A spokesman from the North West Ambulance Service (NWAS) said: “We were called at 1.59pm but the Ambulance was cancelled after about an hour and a half. When we get a 999 call we have to categorise them and because she was alert we had given paramedics two hours to get to her. The police officers had decided to take her into hospital themselves.”

Steph said: “I wanted to go to hospital with her but I had to stay and finish my job so I gave Joan my number and told her to call me to let me know how she got on.”

While Steph sat hugging Joan, keeping her warm, she talked to her and it was during their conversation that the two of them discovered that they lived near each other.

Joan said: “Not only did Steph help me at the time but she then dropped in to see me at later that night to see me to see if I was OK.

“I just wanted to thank her really because we don’t appreciate enough what they do.

“I had broken my nose, there’s so much swelling now.”

Steph said: “I popped round because I hadn’t heard from Joan and we had a nice chat. We’re friends now. The manhole or grid that she tripped over needs investigating”

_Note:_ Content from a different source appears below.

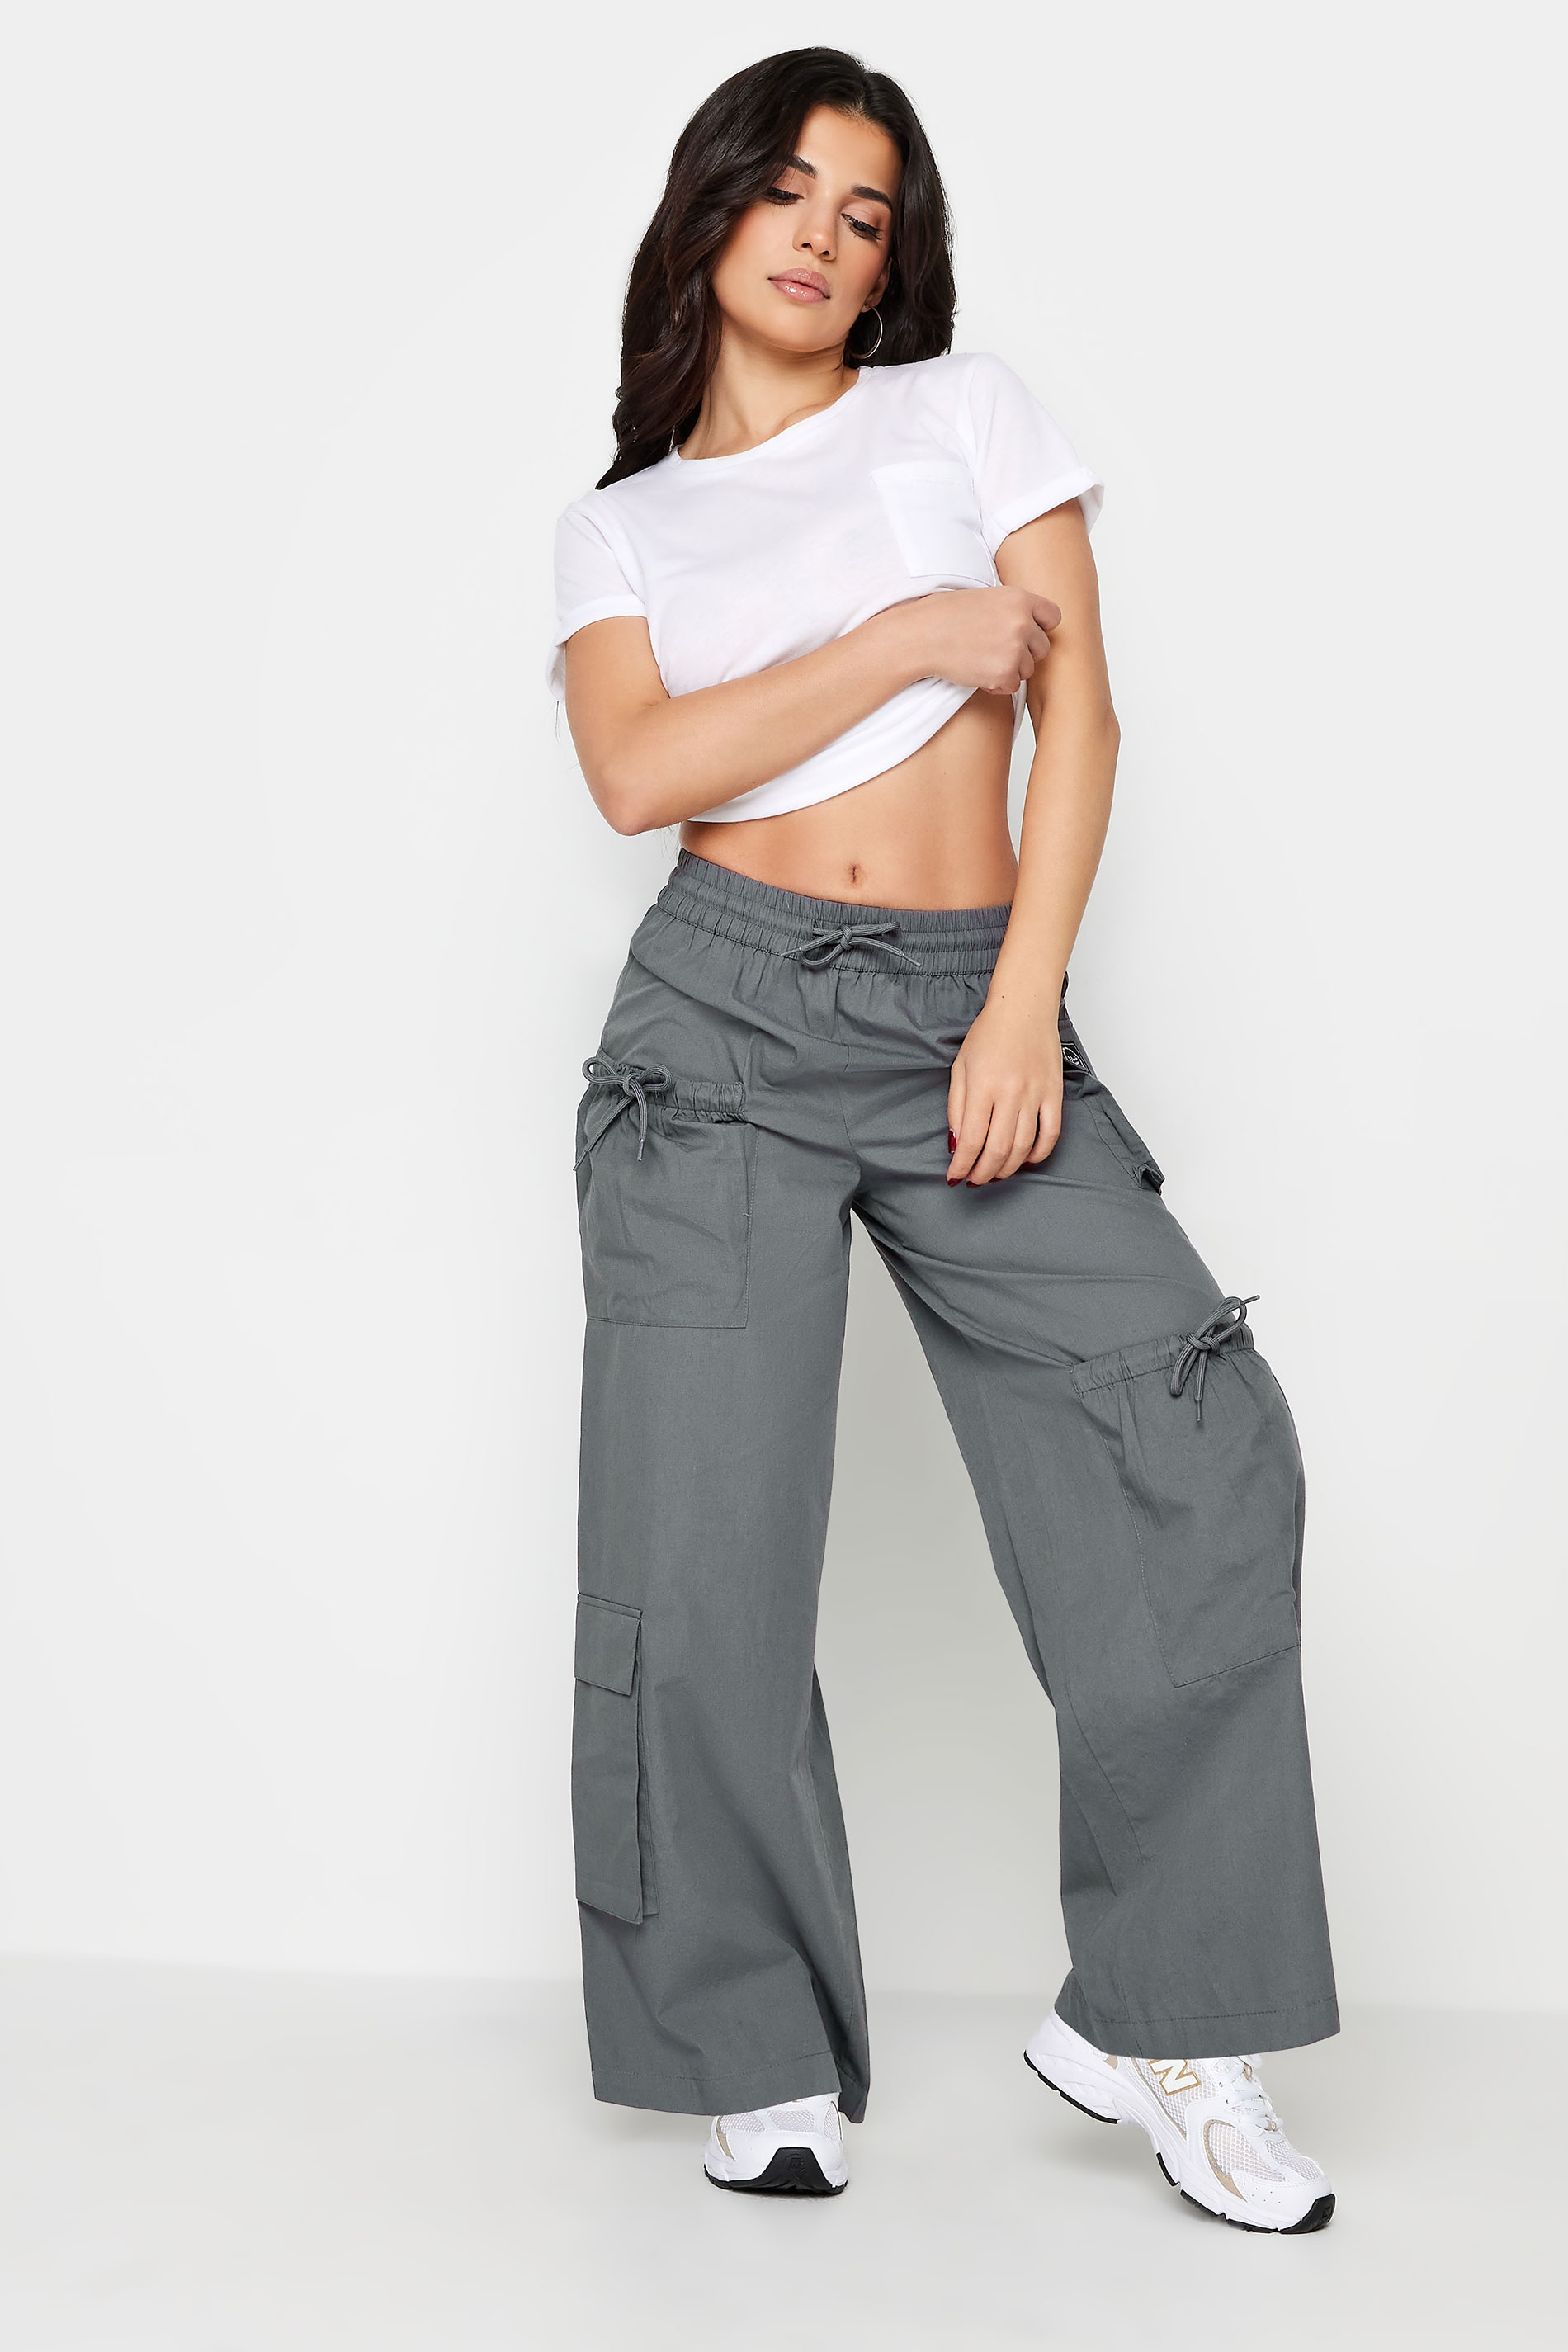 PixieGirl Grey Pocket Detail Cargo Trousers | PixieGirl  3

Councillor Graham Walton, South Ribble Council’s cabinet member for Neighbourhoods and Streetscene, said: “We’re incredibly proud of Steph Houghton and the crew from our waste partners FCC Environment - Mark Gillibrand and Vadims Straders – for their quick-thinking in helping Mrs Langford.

“After seeing her trip and hurt her face, they rushed to her aid, calling 999, covering her with their jackets to keep her warm, and re-assuring her until the emergency services arrived.

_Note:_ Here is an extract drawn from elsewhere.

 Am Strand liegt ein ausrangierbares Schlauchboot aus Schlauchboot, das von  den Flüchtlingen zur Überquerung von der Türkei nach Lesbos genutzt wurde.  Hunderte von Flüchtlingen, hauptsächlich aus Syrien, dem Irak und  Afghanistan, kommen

“They did a cracking job that day and their behaviour will be held up as a fantastic example of how our waste crews go above and beyond the call of duty to do a great job.

“The next day Steph visited the lady at home to check on her progress and the team at FCC has since received a lovely phone call from Mrs Langford thanking them for their help.”

It’s not the first time that a binwoman, or man, from South Ribble has come to the rescue of a resident.

In September last year another hero binman took care of a pensioner when he discovered him sprawled on the ground after a bad fall. The Penwortham resident, only known by his first name of John, was bleeding from a head injury and in shock.

Alex Splatt and Martin Lathom, who also work for FCC Environment in South Ribble, discovered the OAP when they went around the back of the house on Pope Lane to collect the bins.

They phoned for paramedics and kept John talking until the Ambulance arrived.

Joan is now recovering from her fall but will have to have an operation on her nose in the coming weeks.